I don't know where Maple currently stands, but my guess is that Sage already has way more than the typical engineer really needs.
The appeal to engineers would be
- Open Source
- Cython - speed and integration with C/C++ and other libraries
In the extreme cases, its hard to truly compete with Matlab, but IMHO, that isn't the goal. Most folks use Matlab for the easy stuff... plotting, matrix manipulation, etc. Its not even clear that much (if any) additional functionality is needed in Sage, a bunch of examples of common engineering tasks would probably do in the short term.
- Service Architecture - Components available as services with a language / OS / location neutral interface
- Parallel computing - Components designed as workers
Service Architecture is pretty straightforward nowadays. Typically, some form of XML (ReST) service is defined and XML is pumped around. This could be done although I think for the Sage domain, a simpler and more useful approach might be tried first.

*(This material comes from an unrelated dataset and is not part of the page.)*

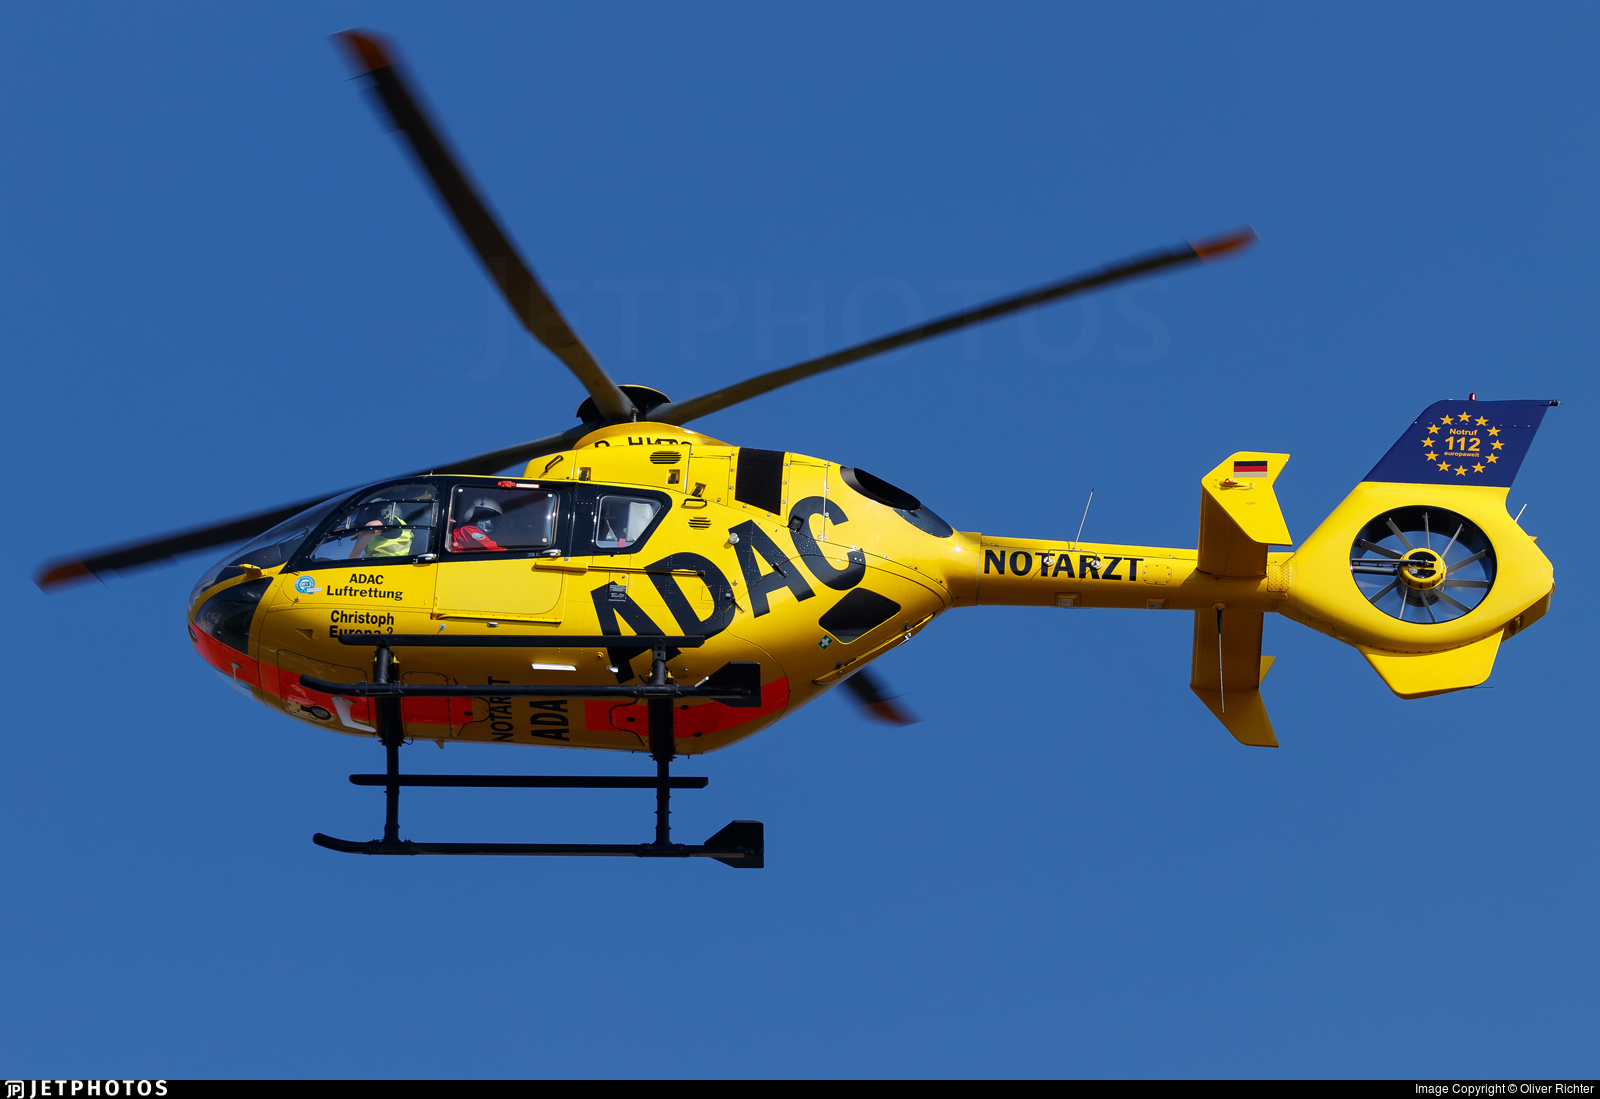 D-HHTS - Eurocopter EC 135P2 - ADAC Luftrettung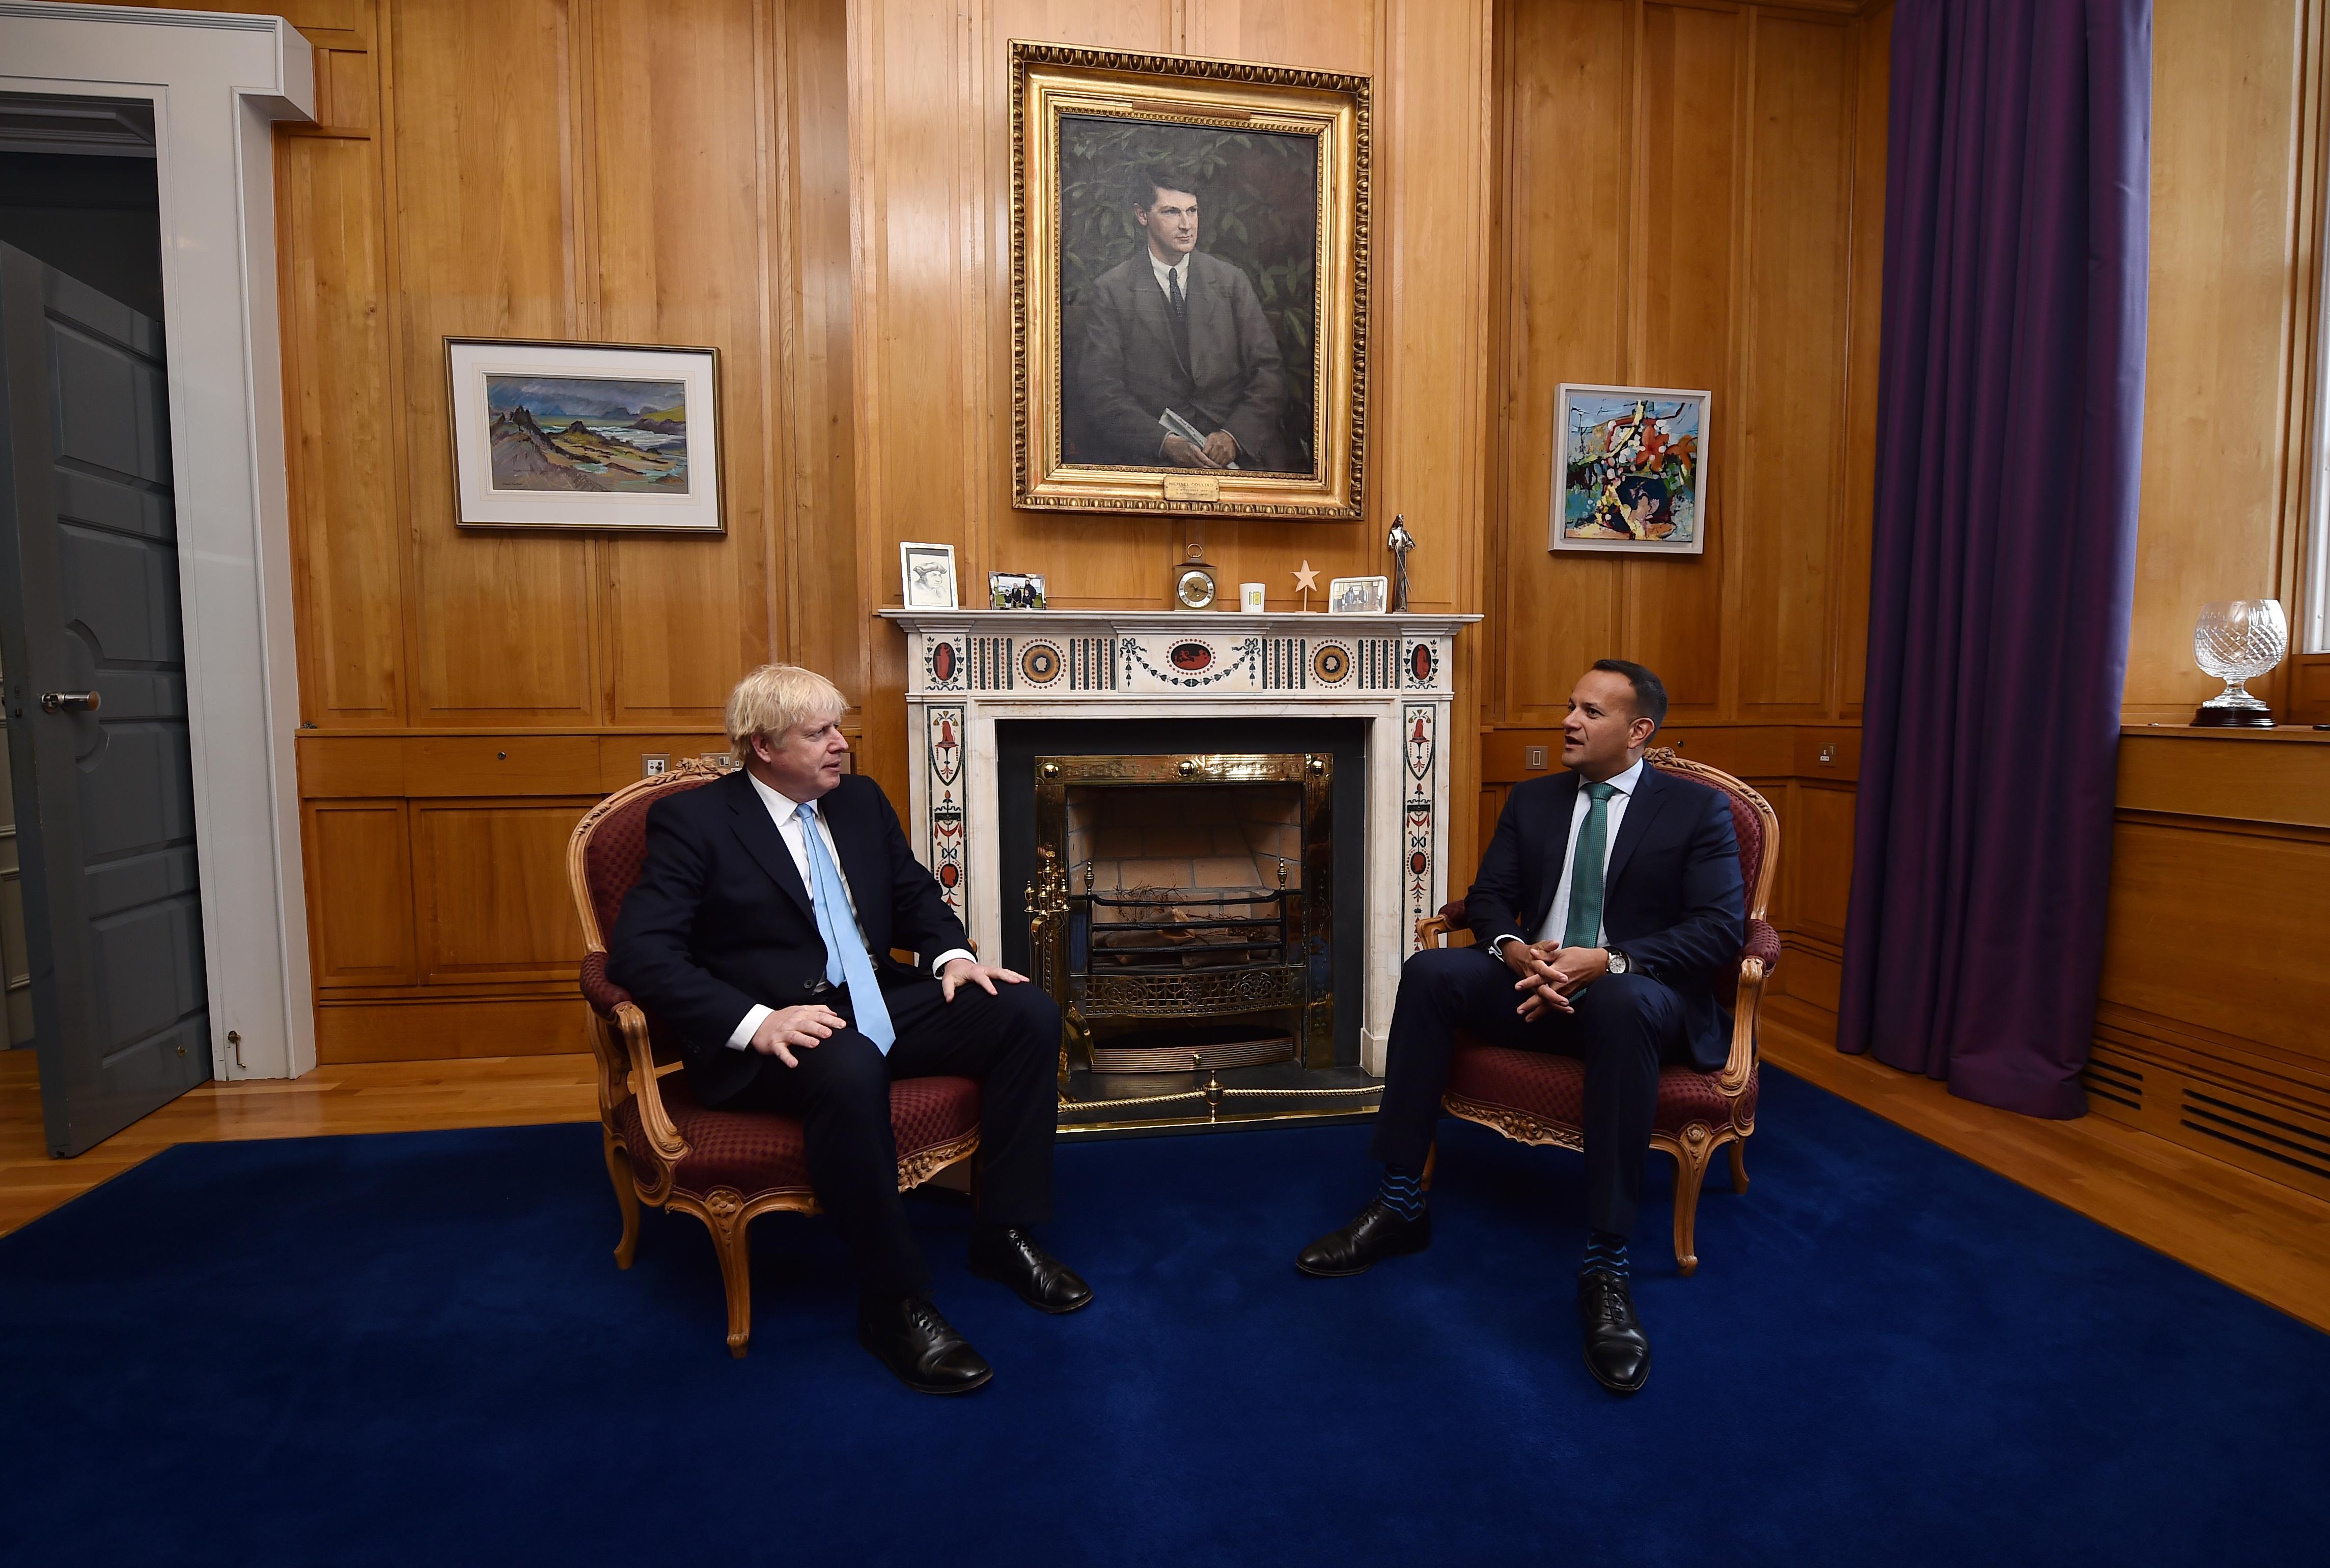 British Prime Minister Boris Johnson meets with Irish Taoiseach Leo Varadkar at Government Buildings.

Google Protocol Buffers - http://code.google.com/p/protobuf/ (protobuf) was open sourced by Google some time ago. Protobuf was Google's core mechanism for transport and storage of serialized data. The reasons for this and why there are some advantages over XML are available on their site.
For Sage, the advantages are:
- Language support - Native bindings are available for Python, Java and C++
- Performance - Protocol buffers are substantially higher performance in terms of size and speed when compared with XML
To simplify the discussion, the two main areas for Sage WRT distribution are:
- Sage specific - Sage on both sides of the wire for general services and parallel computing
- Integration with other systems - an example here is Java based systems or other legacy systems where coarse grained integration is preferred over linking with Sage in the same process
Distribution using Python is amazingly easy as the interpreter can be exploited to trivialize what is often nasty in strongly typed compiled languages. The simple case is shipping a string of python code to be "eval()ed" on the other side. When data needs to be shipped it can be pickled... Most Sage objects support dumps() and loads(). Sending arguments to functions / methods is a matter of constructing lists and dictionaries... Much of the plumbing can be hidden very easily using decorators (I have examples of this approach) and also permits exceptions to be thrown "over the wire"
The only tricky bit is that distributed systems "tend" to work better when they're asynchronous. Its simply not effective to block waiting for a result over the wire, particularly when working on scatter-gather parallelism or when integrating with live data sets (the types of things engineers would also be interested in). Often, threads are introduced to get around this blocking, making the code more complex than it need be and introducing all the wonderful bugs which tend to crop up. Threads are great when they're needed... they're hell but great... when they're not needed, they're just hell.
Asynchronous programming is straightforward but requires a bit of rethinking. Twisted Python is the penultimate asynchronous inversion thought process but is truly great stuff and, again, for Sage much of the Twisted nastiness could be hidden beneath a library for those not wanting to delve too deeply into Twisted.
The one area which would need some work, therefore, is the Sage Notebook itself. While the core notebook server uses Twisted to manage connections (and is asynchronous), the notebook process itself is Pexpect based and blocks... I'm fairly sure that inverting the notebook process to be asynchronous would be straightforward but would require some evaluation.